I think I have a hunch. Assuming that you are using gcovr 4.2, could you try editing the file gcovr/html_generator.py around line 248:

         data['ROWS'] = []
-        currdir = os.getcwd()
-        os.chdir(options.root_dir)
-        with io.open(data['FILENAME'], 'r', encoding=options.source_encoding,
+        with io.open(f, 'r', encoding=options.source_encoding,
                      errors='replace') as INPUT:
             for ctr, line in enumerate(INPUT, 1):
                 data['ROWS'].append(
                     source_row(ctr, line.rstrip(), cdata.lines.get(ctr))
                 )
-        os.chdir(currdir)

Background: the data['FILENAME'] variable is set to options.root_filter.sub('', f), which just chops off the root path from the front.
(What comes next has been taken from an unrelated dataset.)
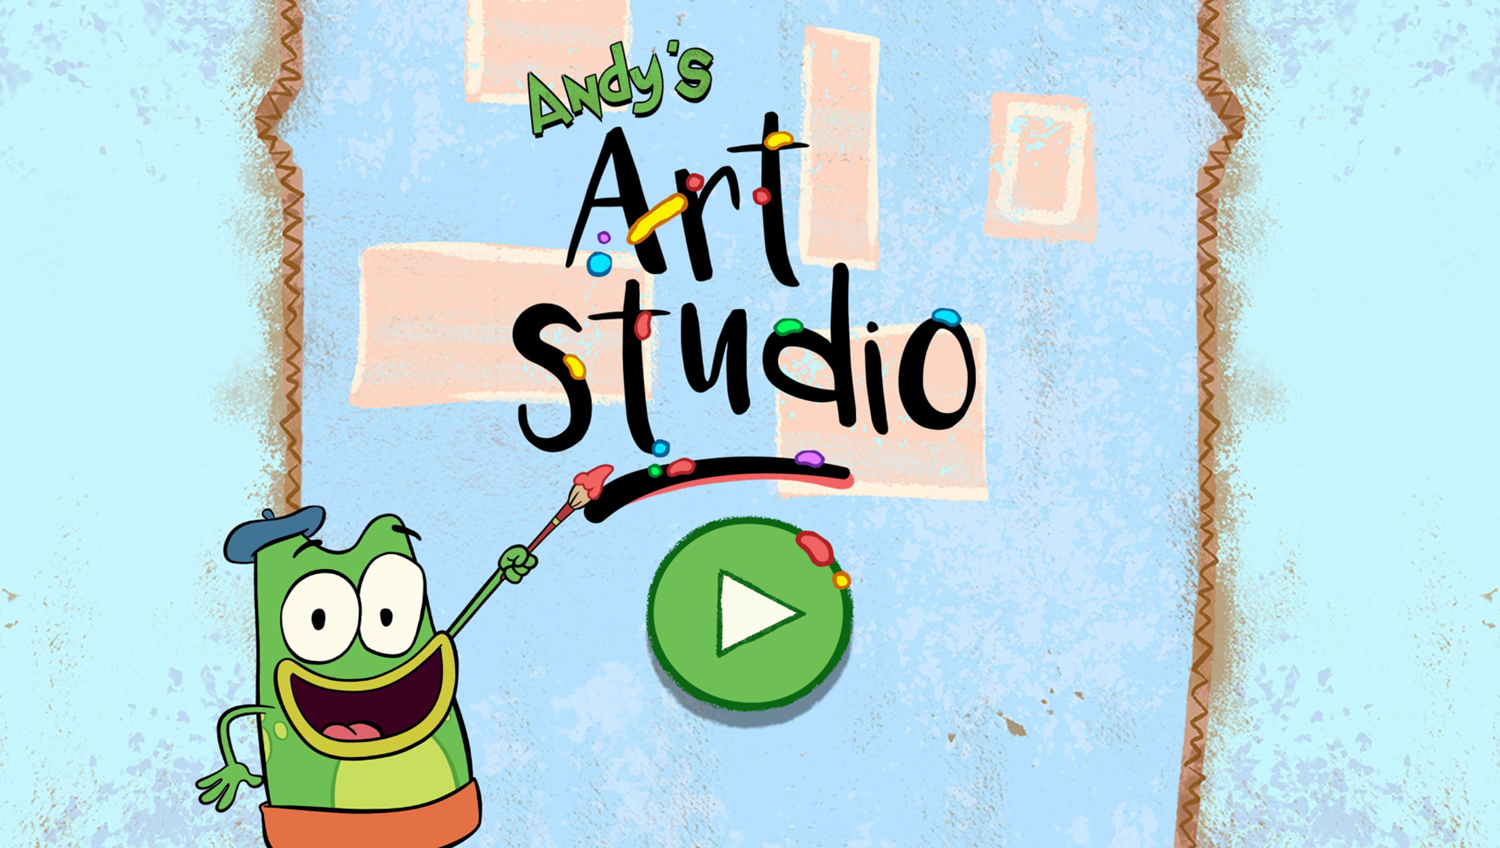 Let's Go Luna Andy's Art Studio Welcome Screen Screenshot.

This should usually be fine, but there's no good reason to do this for a filename that we have to open. In particular, there's no strong guarantee that the root_filter only matches at the start of the filename – this needs to be checked in more detail. This part of gcovr still carries a bit of technical debt :)

Even if this isn't the exact problem, I think the root cause has to be nearby.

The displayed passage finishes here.